T-Mobile USA is sending out SMS alerts to its entire postpaid customer base, warning of a SIM hijacking and port-out campaign in which bad actors are impersonating legitimate T-Mobile users. The idea is to either scam new SIM cards in the victims’ names from the carrier, or port their number (and access to their phone profiles) to another operator.
“We want to alert you that our industry is experiencing a phone number port-out scam that could impact you, and to encourage you to add our port validation feature, if you haven’t done so already,” T-Mobile said on its FAQ page about the problem.
Getting a SIM card linked to the user’s account would give the scammers access to that person’s phone number and broader communications, which they could use for a variety of activities, none of them good news for the victim. The attackers could simply make free calls or stream movies without concerns for prepaid limits or data caps, with the charges going to the subscriber; or they could exploit the access to carry out other activities, like setting up massive text-spam campaigns from the victim’s phone. They could also use the victim’s address book and contact list to mount spear-phishing campaigns or to distribute malware—the contacts would think the messages came from the legitimate user and would therefore be more trusting.
There are also deeper problems having to do with mobile banking, cryptocurrency wallets or other apps with sensitive information—the scam allows attackers to get around two-factor authentication and gain access to these accounts. This has both personal and business ramifications.
“Once the attacker gets the phone number, they can exploit weaknesses in two-factor authentication by requesting reset links via text,” said David Pearson, principal threat researcher of Awake Security, via email. “Many consumers are already reporting that attackers have used this to target their bank accounts or other sensitive financial information. What’s overlooked so far is the potential impact of such carrier-focused scams on enterprises. Once inside, the attacker would potentially look like normal, approved traffic or usage of the application, because they’re using an authenticated account.”
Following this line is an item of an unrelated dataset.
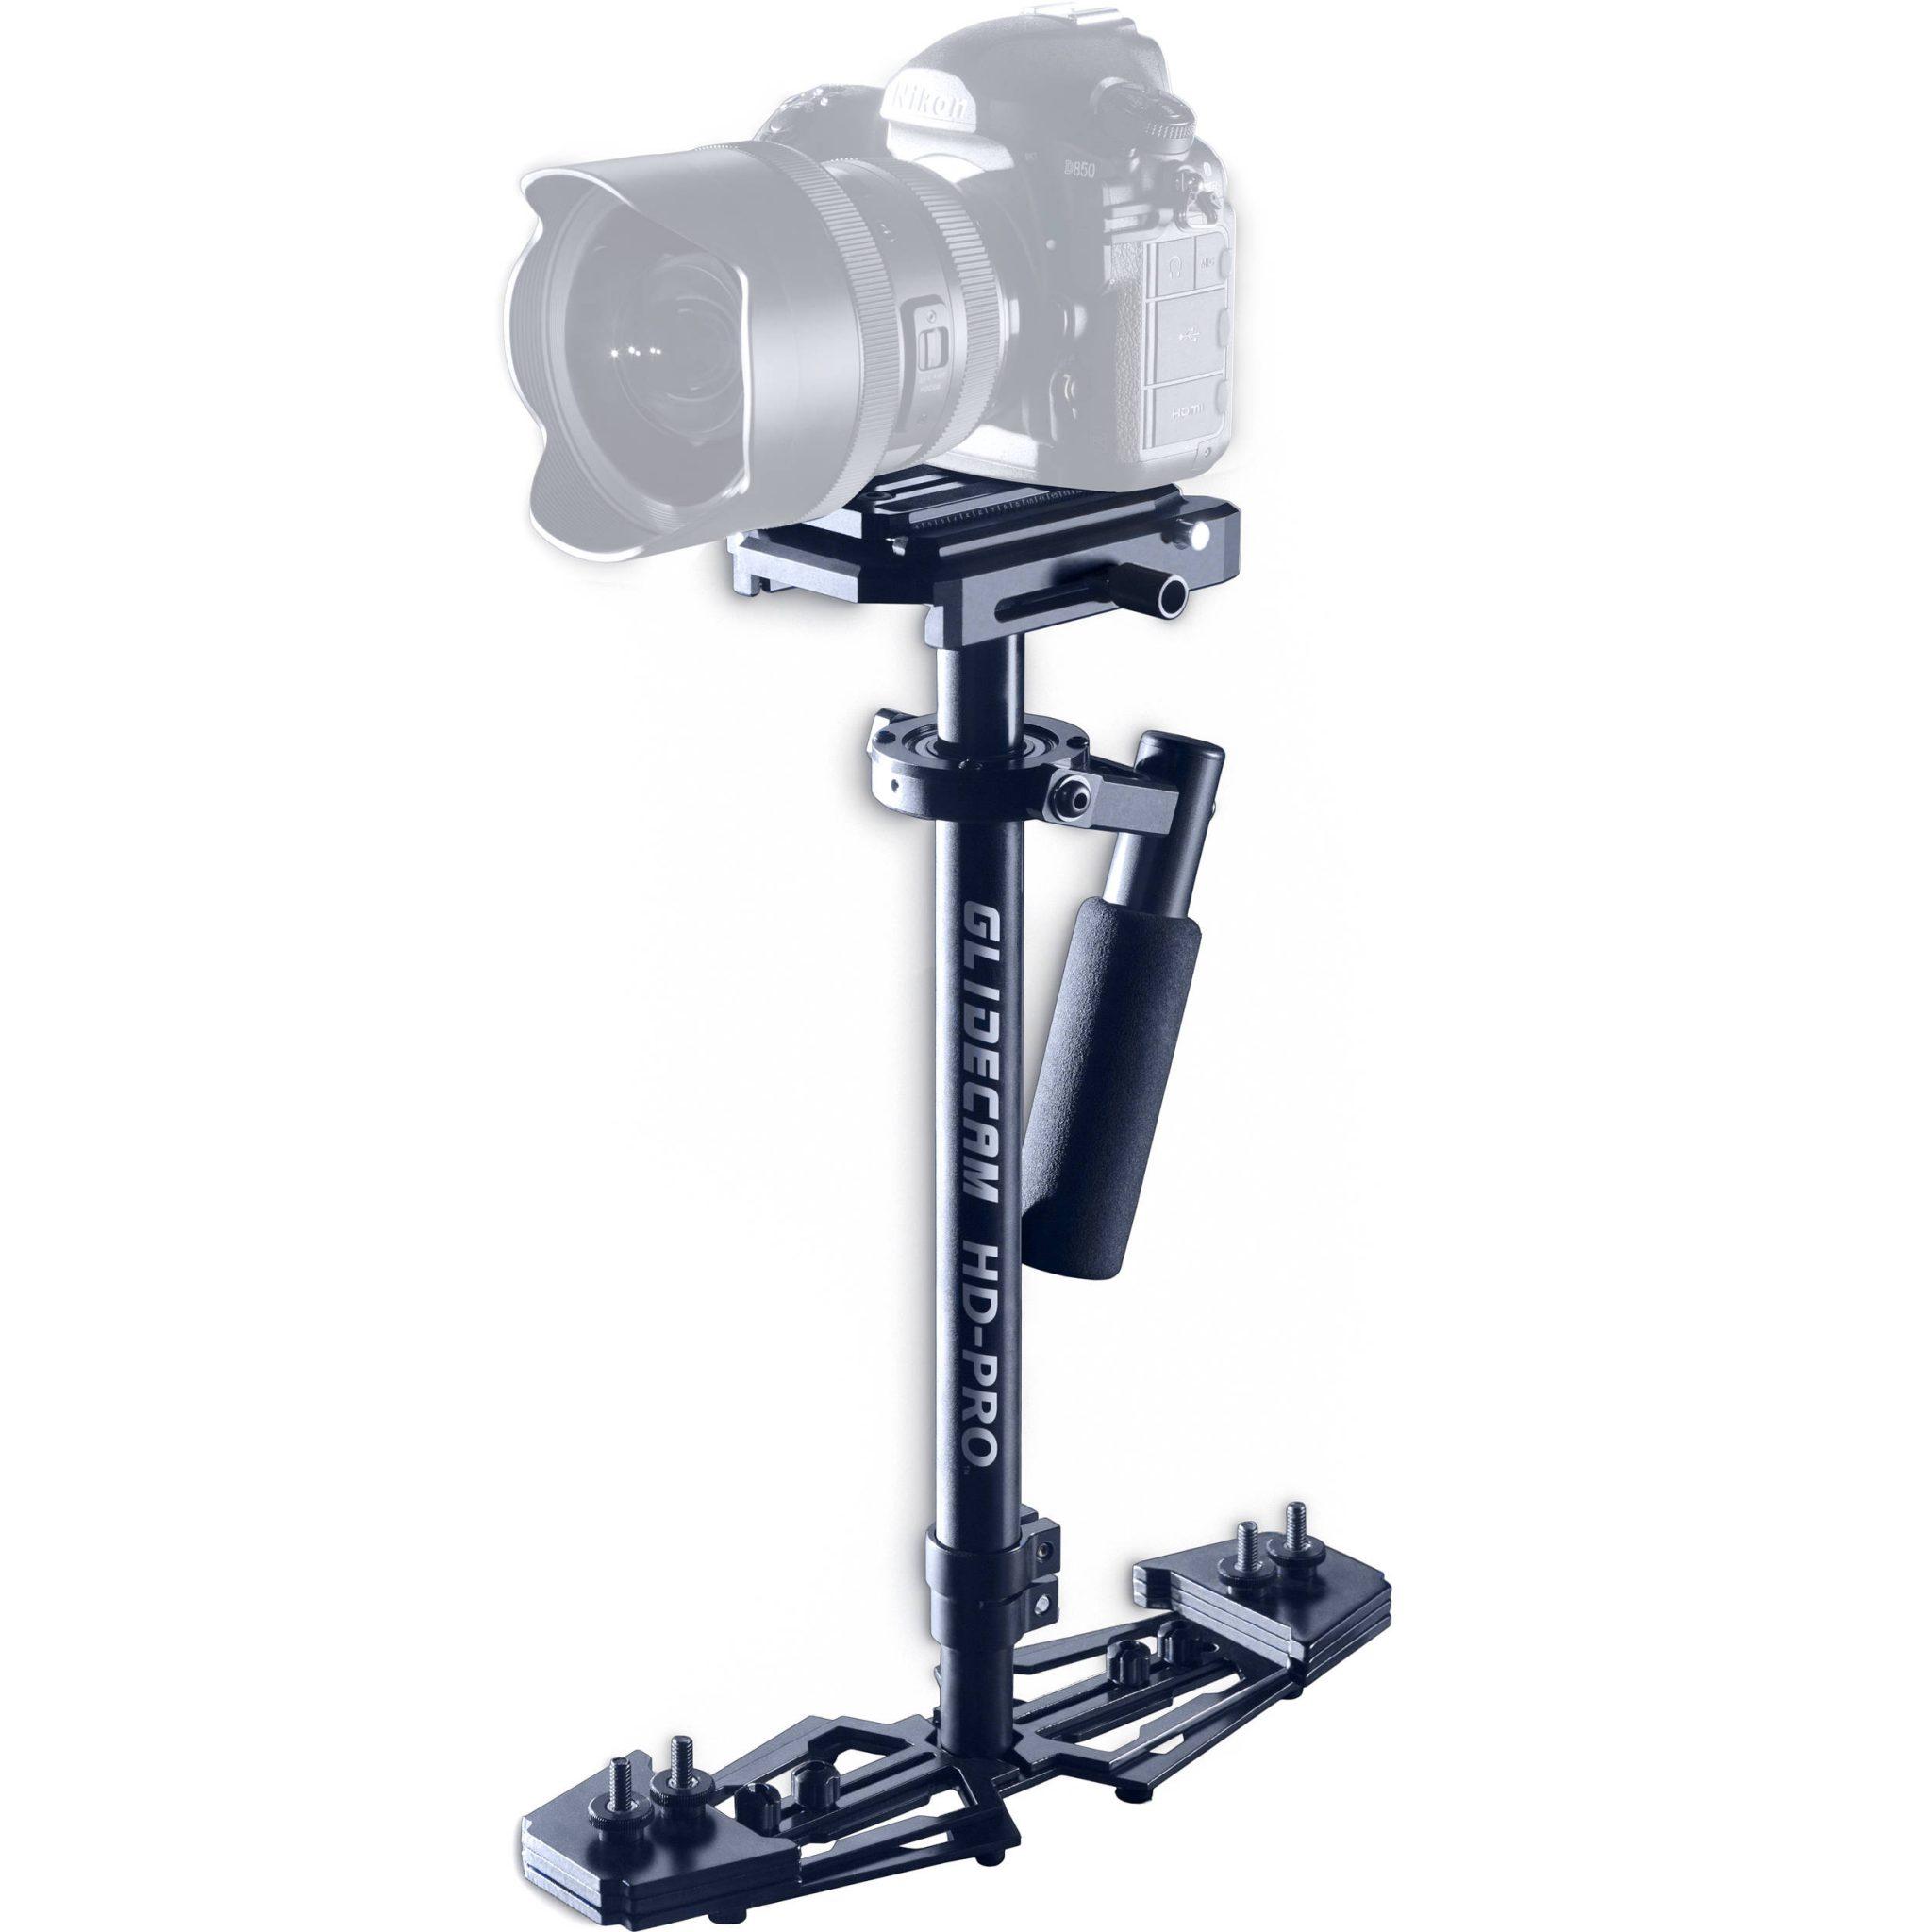 Glidecam HD-PRO | HDPRO Handheld Camera Stabilizer for filmmaker

The phone number port-out scam/SIM hijacking problem has been around for a while, and, the carrier points out, has affected other operators as well. However, the attackers have upped the volume of attacks of late, which is what has prompted T-Mo to issue the alerts. To mitigate the problem, users can add a port-validation PIN to their account that would prevent impersonation attacks.
At least, in theory: The carrier is under fire in one lawsuit, mounted by Carlos Tapang, which alleges that the carrier allowed strangers to port his phone number to AT&T and then steal his Bitcoin (worth around $14,000 at the time)—an incident that occurred back in November. At issue is Tapang’s allegation that he had a validation PIN on his account that would be required for a port-out request.
“Tapang immediately telephoned T-Mobile,” the suit claims. “After several unsuccessful attempts to reach an operator, he was shocked to learn one of T-Mobile’s call centers had cancelled his phone number without his permission and transferred his number to AT&T.”
FierceWireless reached out to T-Mobile for comment, but the company had no response at press time.